I will try to explain my data as good as possible. So we taged 13 different whales with a tag that records time, depth, speed, angle of descent and ascent 25 samples every second. The normal diving behaviour of these animals is one deep dive of one hour to 1200 meters followed by a series of 3-7 shallow dives of 20 minutes up to 300 m. Because the tag not always stays the same time in each animal, my data is unbalanced and some tag records have one deep dive and 6 shallow dives while other records have 7 deep dives and 26 shallow dives. I divided each dive in units of 30 seconds. for each unit I have the next data: whale number, dive number, total number of fluke strokes in the 30 seconds unit of analysis, mean of the sin of the angle during the 30 seconds unit, swim speed, dive type(ascent or descent), dive direction( if it is a descent or an ascent) and time since the start of the dive and finally my variable response which is presence or absence of one type of fluke stroke called stroke type B.

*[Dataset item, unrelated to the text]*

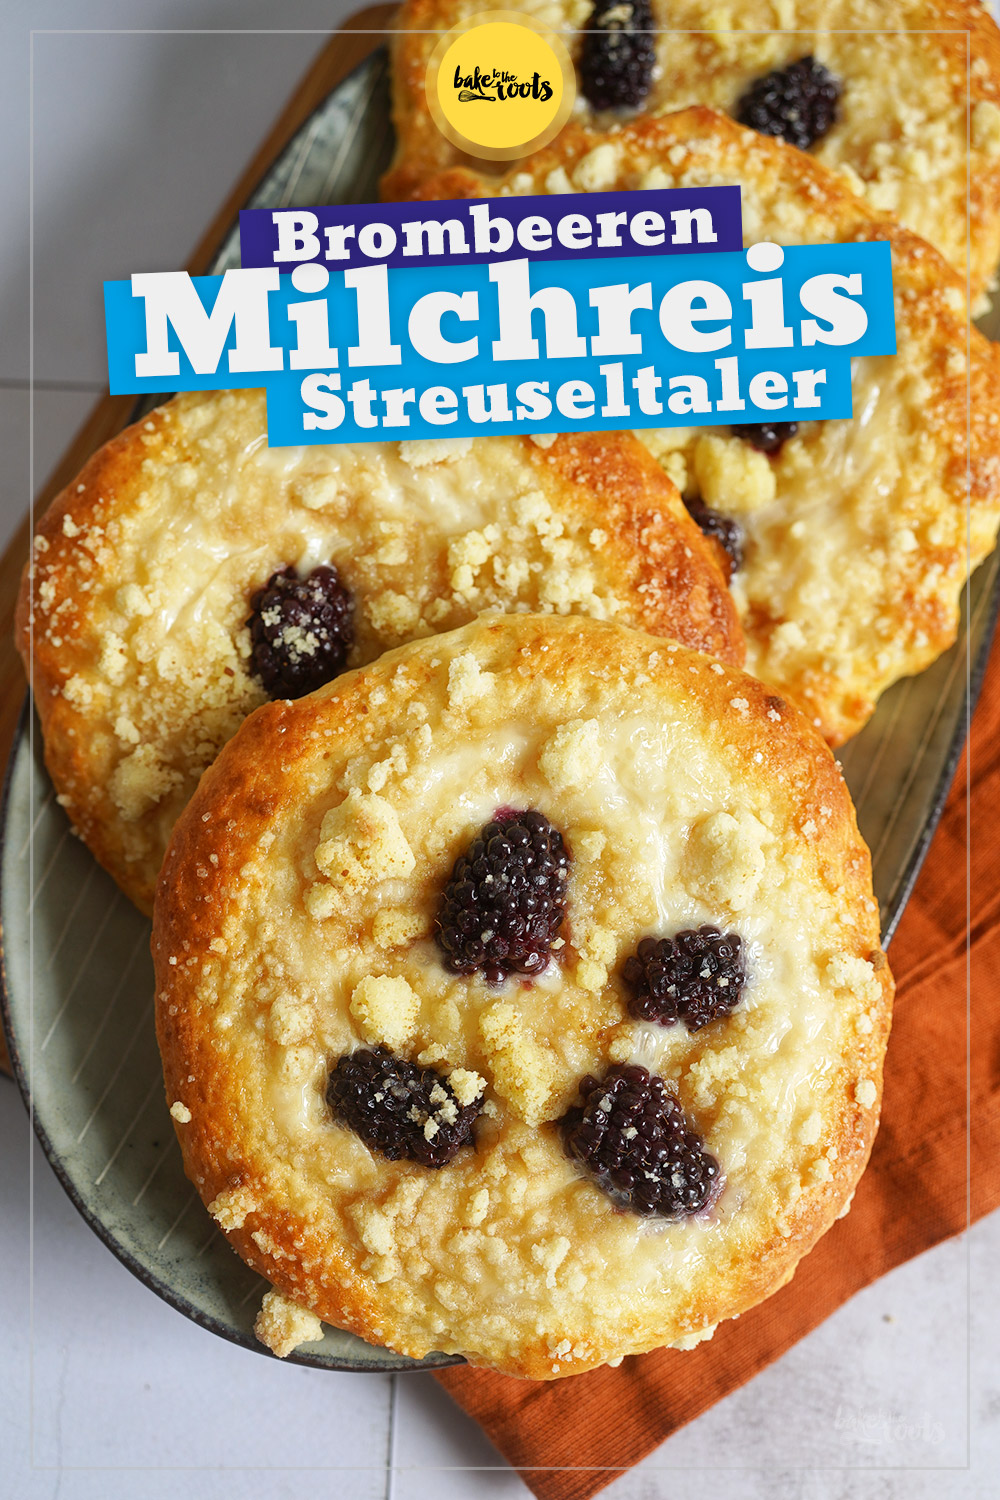 Milchreis Streuseltaler mit Brombeeren | Bake to the roots

I think there has to be some autocorrelation between each 30 seconds unit of analyis and need to include it in my model but do not know how!
I am interested to know what affects the presence or absence of the type B stroke (which is a binomial variable with 0 and 1) so I decide to use a binomial glmm with whale number as a random effect. I included as well dive number within whale as a random effect.
here is the model.
glmm114<-lmer (StrokeB~ Time * Depth+SINP+flukes*Depth+speed+(1|whale_number)+(0+dive_number|whale_number),data=Luciadeepas, family = binomial)

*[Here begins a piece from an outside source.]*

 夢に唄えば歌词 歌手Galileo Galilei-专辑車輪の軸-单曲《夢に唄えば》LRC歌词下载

this is my final model after taking out the non significative variables, the problem is that due to the interaction a problem appears saying
The false convergence warning message (8)
I looked on internet and it says is a common problem, and some people says that it doesnt make any change in the output while others says that each variable has to be divided by 100. but when I do this then the variables that become significant doesnt make any sense.